Первое полугодие 2016 года

На четвертом этапе работ проводились экспериментальные работы по созданию генетических конструкций и их доставки в ооциты млекопитающих. Основные результаты четвёртого этапа работ:

  1. Создана (экспериментально получена) генетическая конструкция pDDREII-GFP-Eluc, несущая ген Eluc, кодирующий чувствительный к обезвоживанию белок (люцифераза). Ввиду наличия cis-элемента DDREII, активирующегося в ответ на обезвоживания, использование данной генетической конструкции позволяет осуществить контролируемый медленным обезвоживанием синтез рекомбинантных белков в клетках Pv11, устойчивых к полному обезвоживанию.
  2. Создана (экспериментально получена) генетическая конструкция pPG121-Eluc, несущая ген Eluc, кодирующий чувствительный к обезвоживанию белок (люцифераза). Наличие промотора P121 в данной конструкции обеспечивает высокий уровень экспрессии целевого белка.
  3. Осуществлена трансфекция генетических конструкций pPG121-Eluc и pDDREII-GFP-Eluc в клетки Pv11 методом электропорации. Осуществлён контролируемый медленным обезвоживанием синтез рекомбинантных белков в клетках Pv11, устойчивых к полному обезвоживанию. Разработан соответствующий протокол. Подтверждено сохранение активности чувствительного к обезвоживания белка (люциферазы) при его обезвоживании в клетках Pv11.
  4. Проведена серия экспериментов по выявлению конкретного сигнала, стимулирующего экспрессию полученных конструкций в ответ на обезвоживание. Стимуляция клеток Pv11 была проведена тепловым шоком. маннитолом, трегалозой, раствором NaCl, и легким окислительным стрессом. Выявлена стимуляция экспрессии полученных конструкций в ответ на добавление трегалозы и осмотический стресс, смоделированный путём добавления NaCl.
  5. Иностранным партнёром созданы генетические конструкции, несущие регуляторные элементы чувствительные к обезвоживанию, для экспрессии целевых белков в ооцитах млекопитающих. Выполнена отработка методов доставки плазмид.
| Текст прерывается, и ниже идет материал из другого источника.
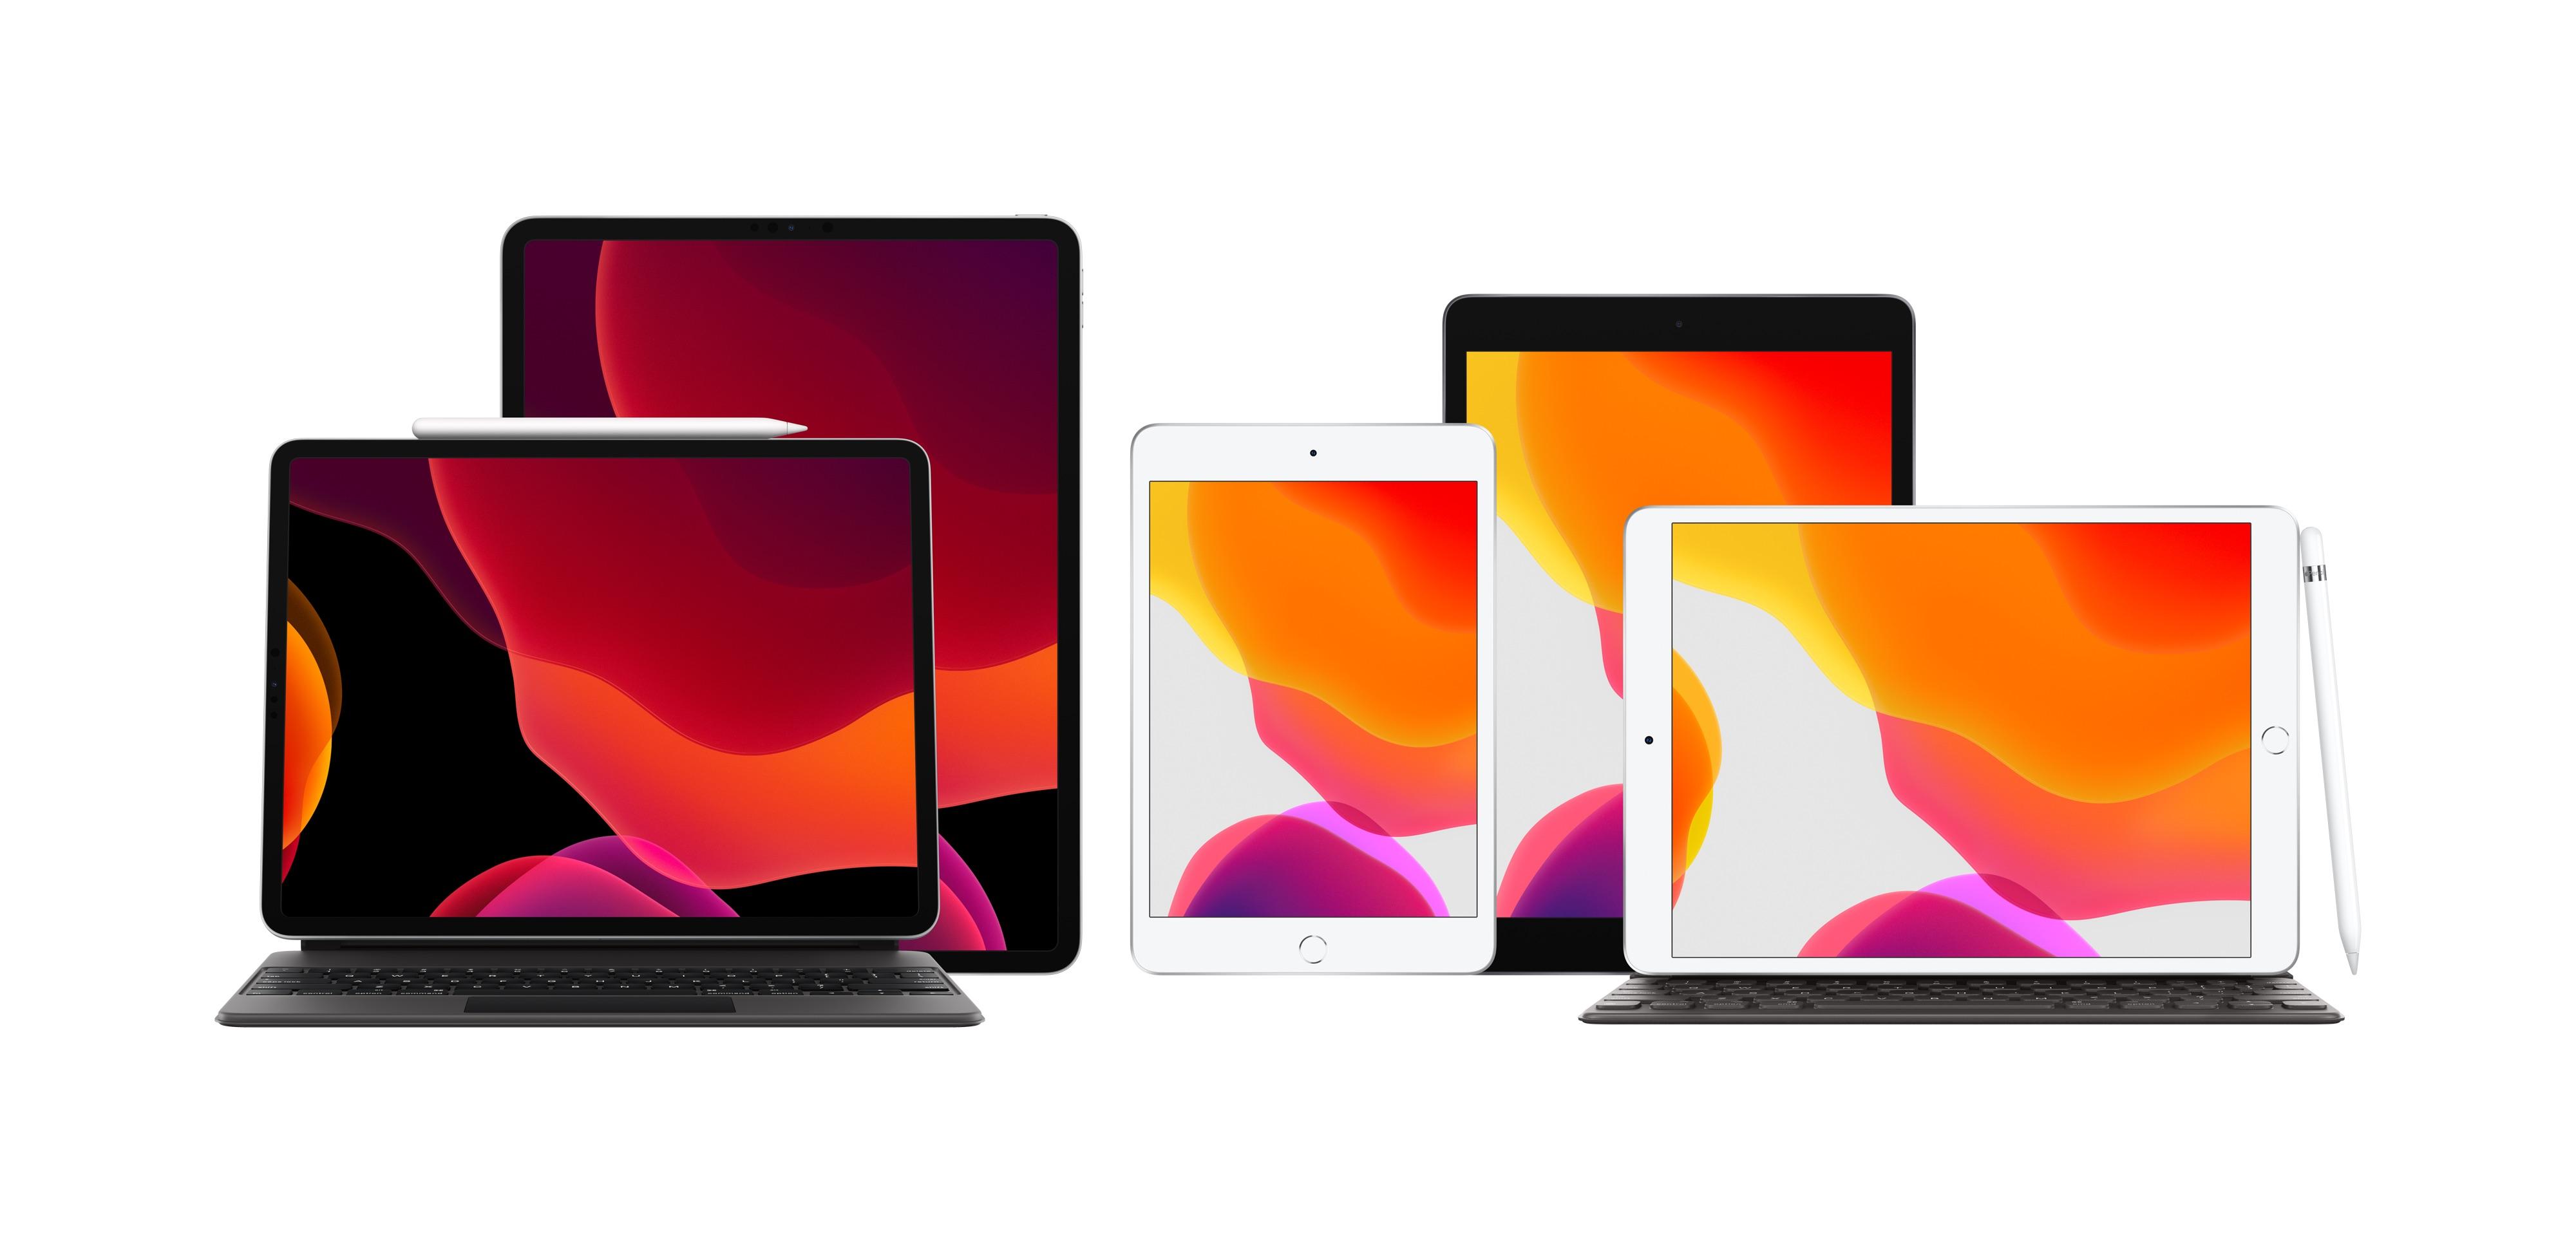 iPad family

Таким образом, поставленные цели и задачи четвёртого этапа работ в соответствии с требованиями технического задания и календарного плана были выполнены в полном объеме.


 

Иностранным партнером в исследовании выступает группа исследований ангидробиоза Национального института  агробиологических наук (Цукуба, Япония). В исследовании принимали участие следующие специалисты:

-доктор Такахиро Кикавада  –  руководитель работ, ведущий научный сотрудник Национального института агробиологических наук;

-доктор Ришар Корнетт  –  ведущий научный сотрудник Национального института агробиологических наук;

-доктор Джун Окада – постдок Национального института агробиологических наук;

-доктор Йоичиро Согаме — постдок Национального института агробиологических наук;

-Юки Сато – лаборант Национального института агробиологических наук.

Иностранным партнером была осуществлена трансфекция созданных генетических конструкций в клетки Pv11 и проведена оценка эффективности экспрессии репортерных генов, инициируемой в ответ на стресс. Этот этап является необходимым для оценки возможности создания всех остальных генетических конструкций медицинского и сельскохозяйственного назначения.